With all this activity, there isn’t yet an over-arching national plan for how to satisfy both our energy needs and deal with the climate crisis at a reasonable cost. This is a complex undertaking, and the challenge falls to the Obama administration, requiring both national leadership and international cooperation. Congress is considering national legislation to limit GHG emissions in the United States next year, which could substantially affect the cost of power from carbon-containing sources, and the more stringent the emissions cuts required, the greater the impact. Issues such as the allocation of emission allowances and the role of offsets will significantly influence the cost of such a policy. The control, trading or taxing of GHGs clearly will affect the owners of both existing generation and new capacity, as well as all electricity consumers, and the economy as a whole.
What will happen to existing capacity under legislation that controls CO2 emissions?
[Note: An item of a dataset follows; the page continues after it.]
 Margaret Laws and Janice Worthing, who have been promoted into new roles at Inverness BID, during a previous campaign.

Under all the proposed versions of CO2 legislation, it will take several years before the necessary regulations are promulgated and a cost for carbon is added to the cost of generation. That is, if CO2 legislation is passed, the U.S. EPA or other agencies will need to write the regulations to implement it, and provide a transition period for compliance. Thus, if there is CO2 legislation this year, carbon emissions likely will begin incurring a cost in the 2013 to 2015 time frame. After that point, the additional cost of emitting carbon will depend on the strategy and approach to compliance that the plant owner takes. Some compliance options with regard to the existing fleet of power plants could include:
• Purchase Allowances: Continue to generate as before to meet consumer needs, and pay to purchase all allowances not granted to the plant owner under the legislation for all tons of CO2 emitted from existing fossil plants;
• Purchase and Reduce Moderately: Reduce CO2 emissions through a combination of purchasing allowances; cutting back or shifting production using environmental dispatch; co-firing or retiring some of the smaller, older units. This strategy could apply to all plants or just the most highly emitting ones.
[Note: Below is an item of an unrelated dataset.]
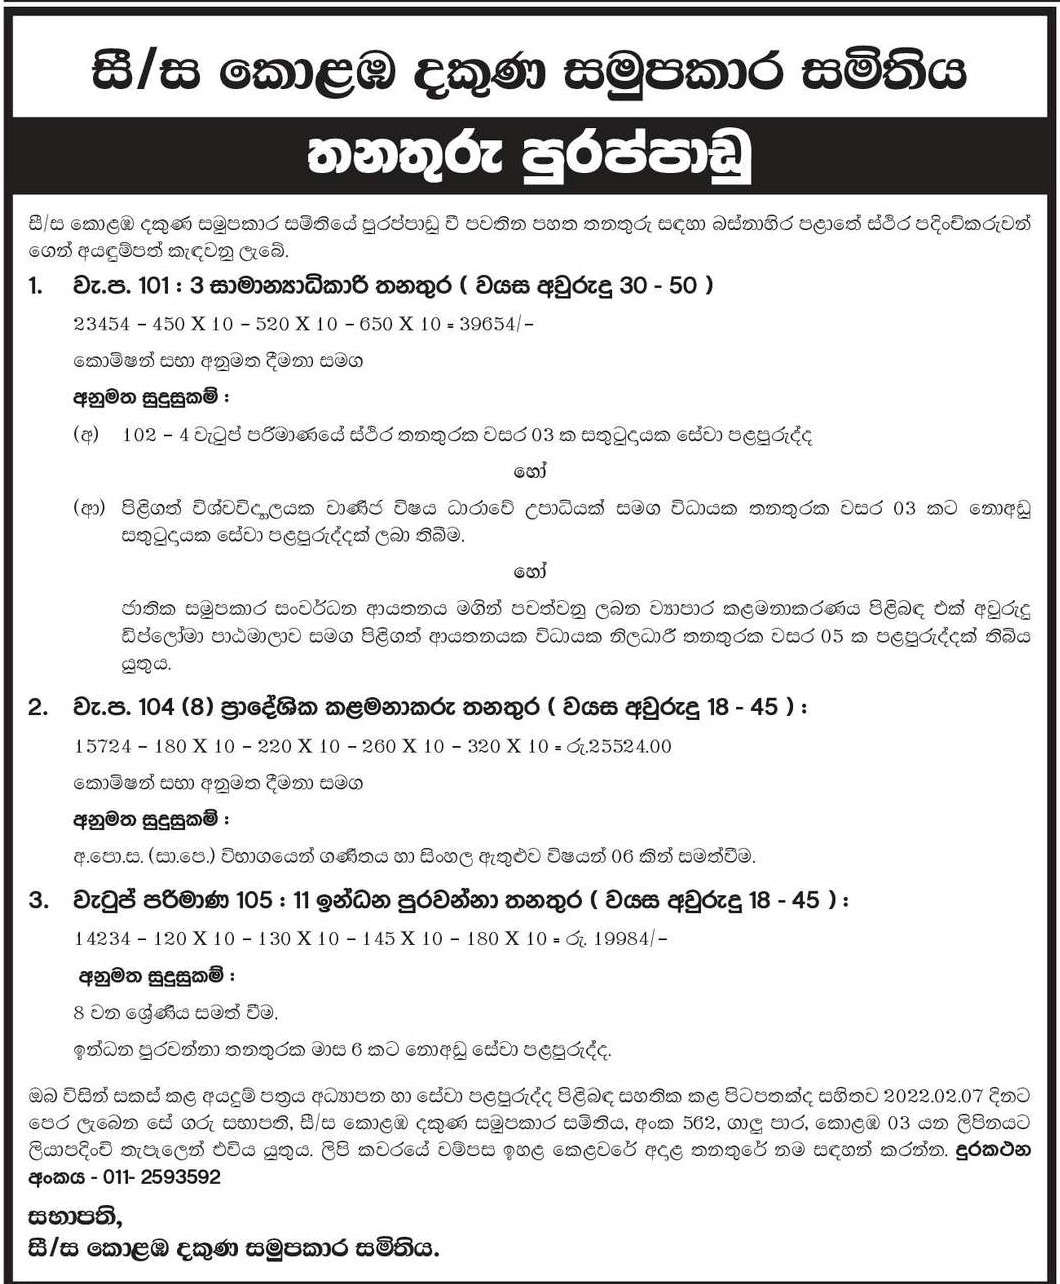 General Manager, Regional Manager, Fuel Filler - Colombo South Multi Purpose Cooperative Society Ltd

• Aggressively Reduce or Eliminate: Phase out the majority of CO2 emissions through an aggressive program of new technology and substitution, including non-emitting alternatives such as renewables, nuclear and end-use efficiency, and retrofitting existing coal units as well as developing new coal capacity with carbon capture and sequestration.10
The most cost-effective choice among these options will depend on the details of the GHG legislation and regulations, and on the plant owner’s mix of capacity and cost of compliance.
From a plant owner’s perspective, a key question is whether existing coal plants will be dispatched less often if they are substantial CO2 emitters. Lower production from coal plants, for example, would increase the generation from other types of plants, significantly influence the level of capital investment that makes economic sense, and affect operations and maintenance required over the entire generation portfolio.
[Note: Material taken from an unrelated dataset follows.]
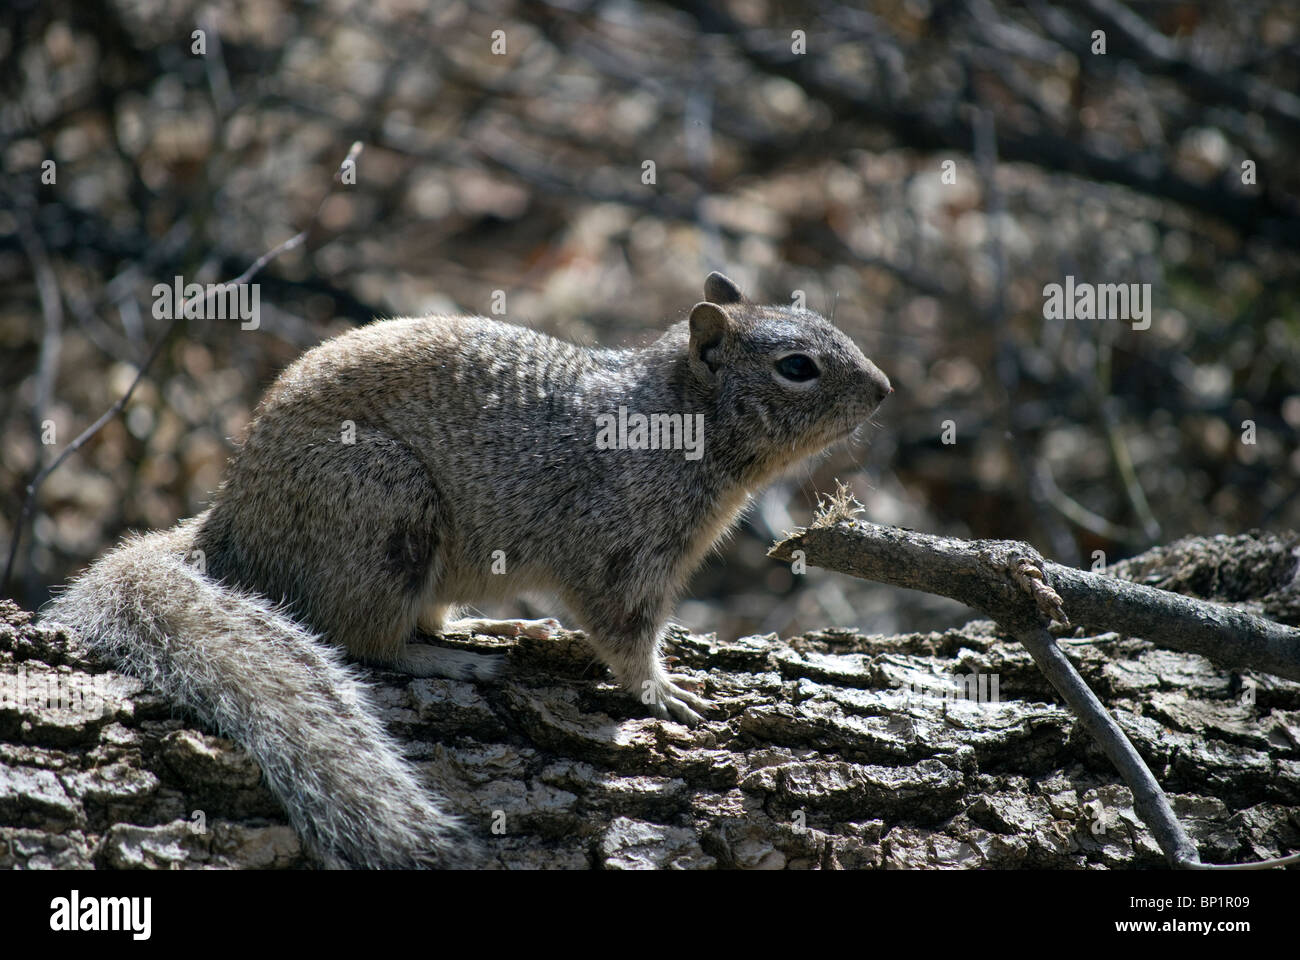 A rock squirrel (Spermophilus variegatus) sitting on the trunk of a fallen Narrowleaf Cottonwood (Populus angustifolia) tree. Stock Photo

What is the break-even point for CO2 costs, where it becomes uneconomic to operate existing coal plants? ICF’s market models suggest that even though such legislation will increase the cost of generation from existing fossil-fuel plants, CO2 prices at moderate levels (such as $25 per ton in 2006 dollars) will not affect their dispatch order; that is, they still will be cheaper to operate than other alternatives. This suggests that until utilities need to make decisions on the next increments of capacity, the relative utilization of their plants isn’t likely to change, if carbon prices are moderate and gas prices remain at or above $7/MMBtu11(see Figure 1).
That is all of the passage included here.